The listing below holds pictures; exclude them. Return exactly the lines from the one with "Roncero rompe a" through the one with "Cardiomyopathy in Genetic Aortic Diseases".

BEGIN Exercise material

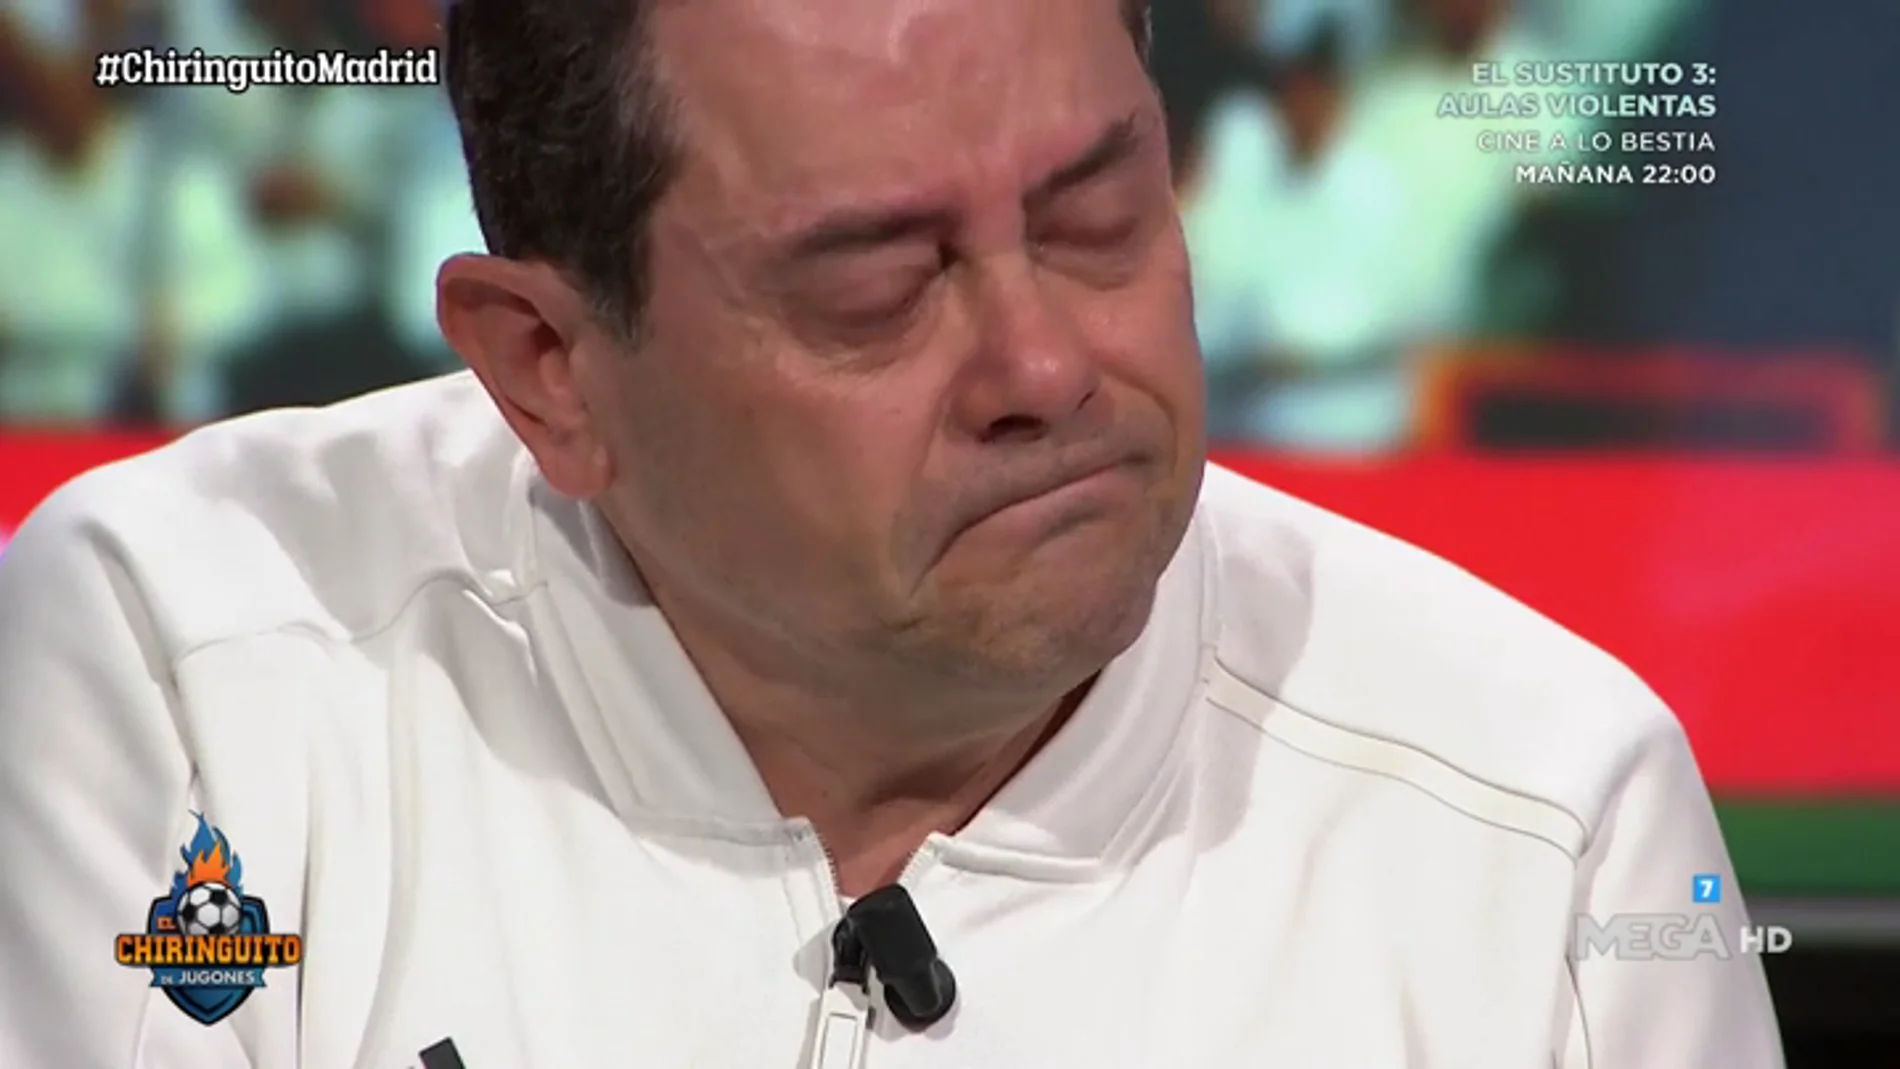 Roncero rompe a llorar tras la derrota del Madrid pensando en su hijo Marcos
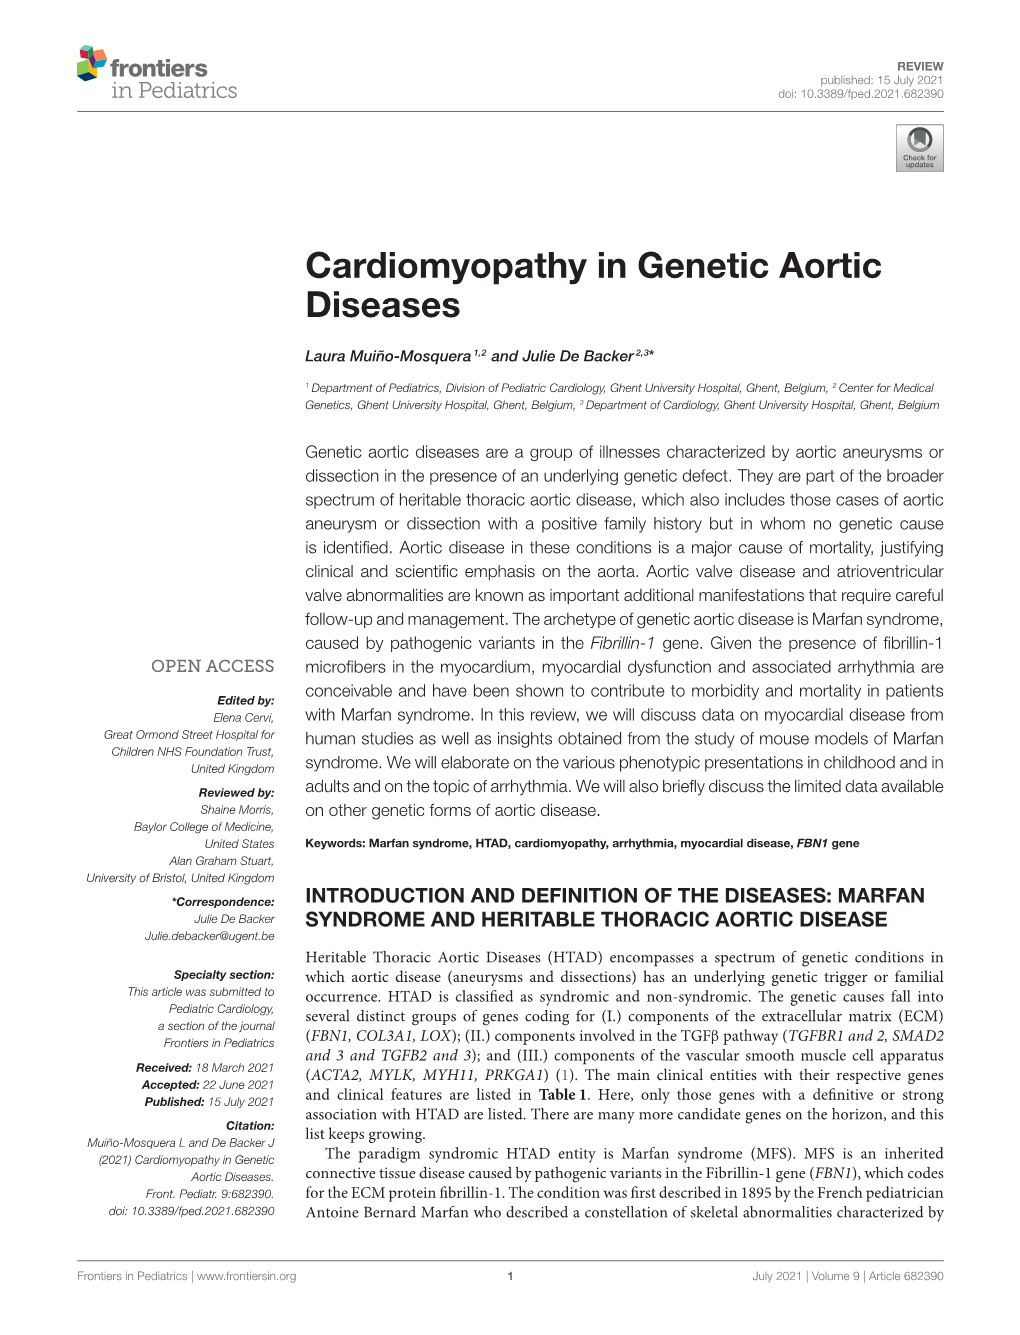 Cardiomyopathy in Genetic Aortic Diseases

END Exercise material
BEGIN Exercise material

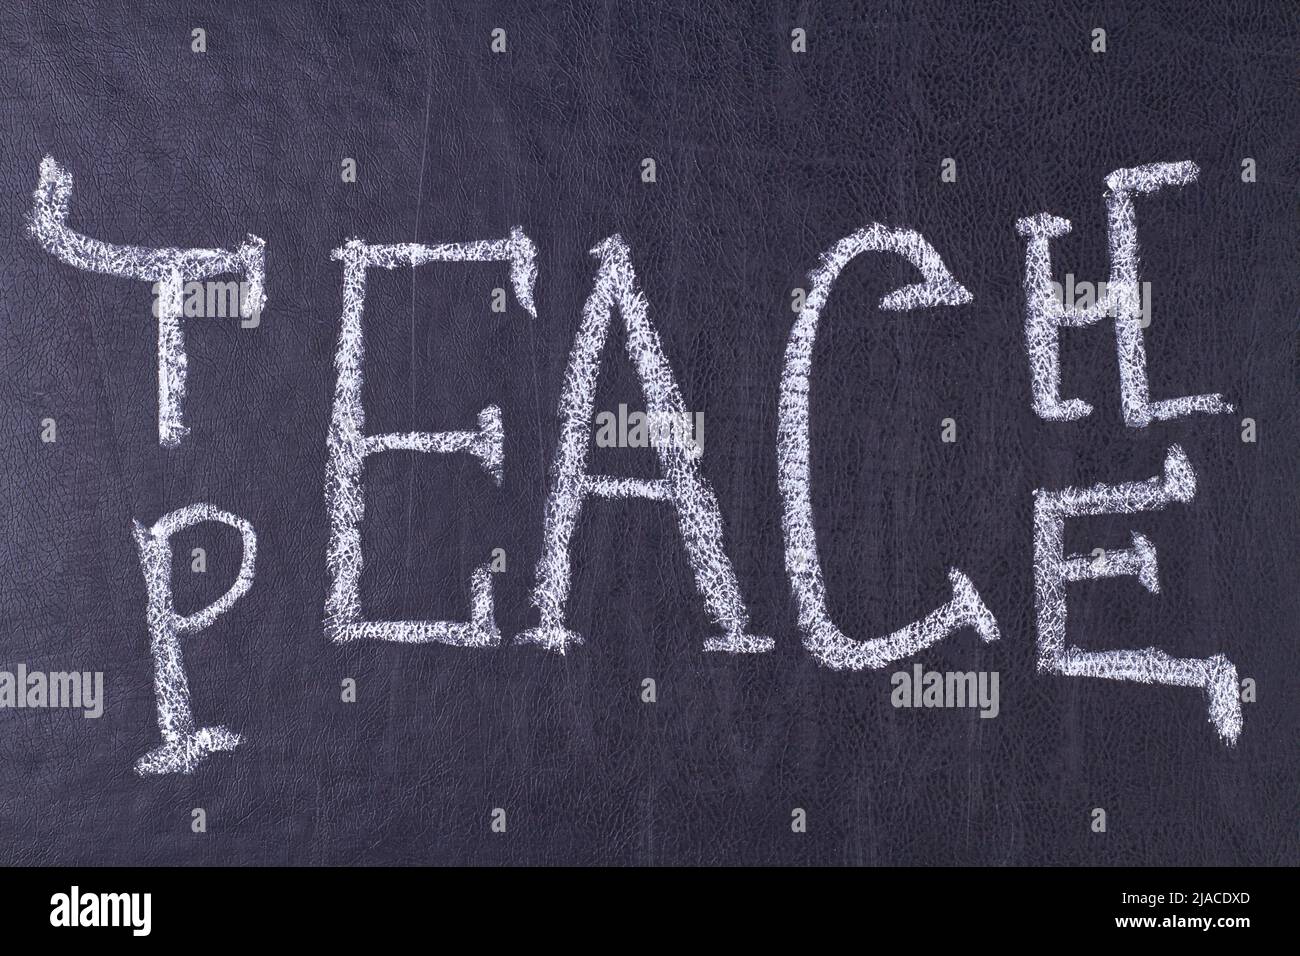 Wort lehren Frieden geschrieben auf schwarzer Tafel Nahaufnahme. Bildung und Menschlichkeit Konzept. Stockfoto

END Exercise material

● **Task response**
 Roncero rompe a llorar tras la derrota del Madrid pensando en su hijo Marcos
 Cardiomyopathy in Genetic Aortic Diseases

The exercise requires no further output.